Early aortic valve replacement, including both surgical and transcatheter approaches, reduces mortality and major cardiovascular events compared to conservative management in carefully selected asymptomatic patients with severe aortic stenosis.
Does early aortic valve replacement reduce mortality and major cardiovascular events in asymptomatic patients with severe aortic stenosis and preserved LVEF?
Early aortic valve replacement improves clinical outcomes and reduces cardiovascular events in carefully selected asymptomatic patients with severe aortic stenosis, challenging the traditional watchful waiting approach.

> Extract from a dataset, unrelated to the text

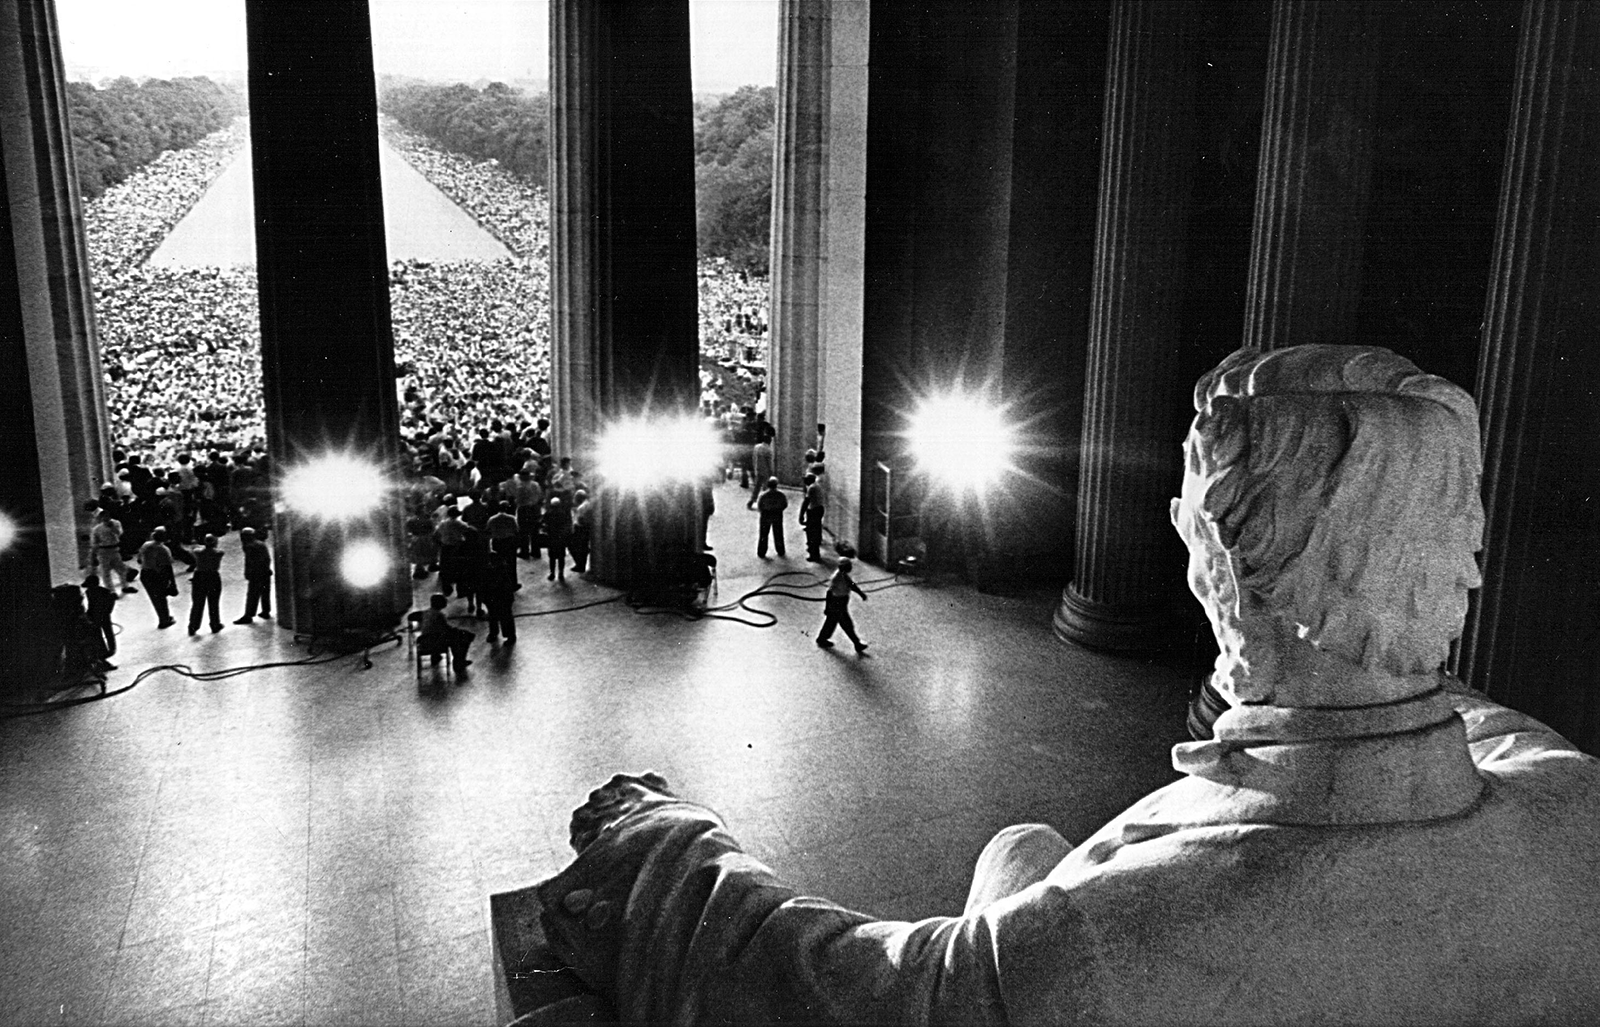 Years of the Lincoln Memorial

Asymptomatic severe aortic stenosis (AS) has traditionally been managed with watchful waiting because of low annual sudden death rates (<1%) and concerns regarding procedural risk. Emerging randomized data indicate that irreversible myocardial injury may occur before symptom onset and that early aortic valve replacement (AVR) may improve outcomes. This review summarizes evidence from contemporary randomized controlled trials evaluating early surgical AVR (SAVR) or transcatheter AVR (TAVR) vs conservative management or surveillance in asymptomatic patients with severe AS and preserved left ventricular ejection fraction (LVEF). The RECOVERY trial randomized 145 asymptomatic patients with very severe AS (mean age 64 years) to early SAVR or conservative care. Over a median follow-up of 6.2 years, all-cause mortality occurred in 1% of the early surgery group vs 15% with conservative management (hazard ratio HR 0.09; 95% CI 0.01-0.67; p=0.003). The AVATAR trial included 157 asymptomatic patients with severe AS, preserved LVEF, and negative exercise testing (mean age approximately 67 years). Over a median follow-up of 32 months, the composite endpoint of all-cause death, myocardial infarction, stroke, or heart failure hospitalization occurred in 16.6% of patients assigned to early surgery compared with 32.9% in the conservative group (HR 0.46; 95% CI 0.23-0.90; p=0.02). The EARLY TAVR trial randomized 901 asymptomatic patients with severe AS and preserved LVEF to TAVR or clinical surveillance (mean age 75.8 years). After a median follow-up of 3.8 years, the primary composite outcome of death, stroke, or unplanned cardiovascular hospitalization occurred in 26.8% of the TAVR group versus 45.3% of the surveillance group (HR 0.50; 95% CI 0.40-0.63; p<0.001). Cardiovascular hospitalizations occurred in 20.9% vs 41.7%, all-cause mortality in 8.4% vs 9.2%, and stroke in 4.2% vs 6.7%, with no excess procedural complications in the early TAVR group. Randomized evidence demonstrates that early AVR, including both SAVR and TAVR, reduces mortality and major cardiovascular events in carefully selected asymptomatic patients with severe AS. The integration of clinical features with risk stratification tools, such as global longitudinal strain, cardiac magnetic resonance imaging, natriuretic peptides, and computed tomography-based valve calcification, supports timely intervention before irreversible myocardial damage occurs.
Shafiq et al. (Wed,) conducted a review in Asymptomatic severe aortic stenosis. Early aortic valve replacement (SAVR or TAVR) vs. Conservative management or clinical surveillance was evaluated. Early aortic valve replacement, including both surgical and transcatheter approaches, reduces mortality and major cardiovascular events compared to conservative management in carefully selected asymptomatic patients with severe aortic stenosis.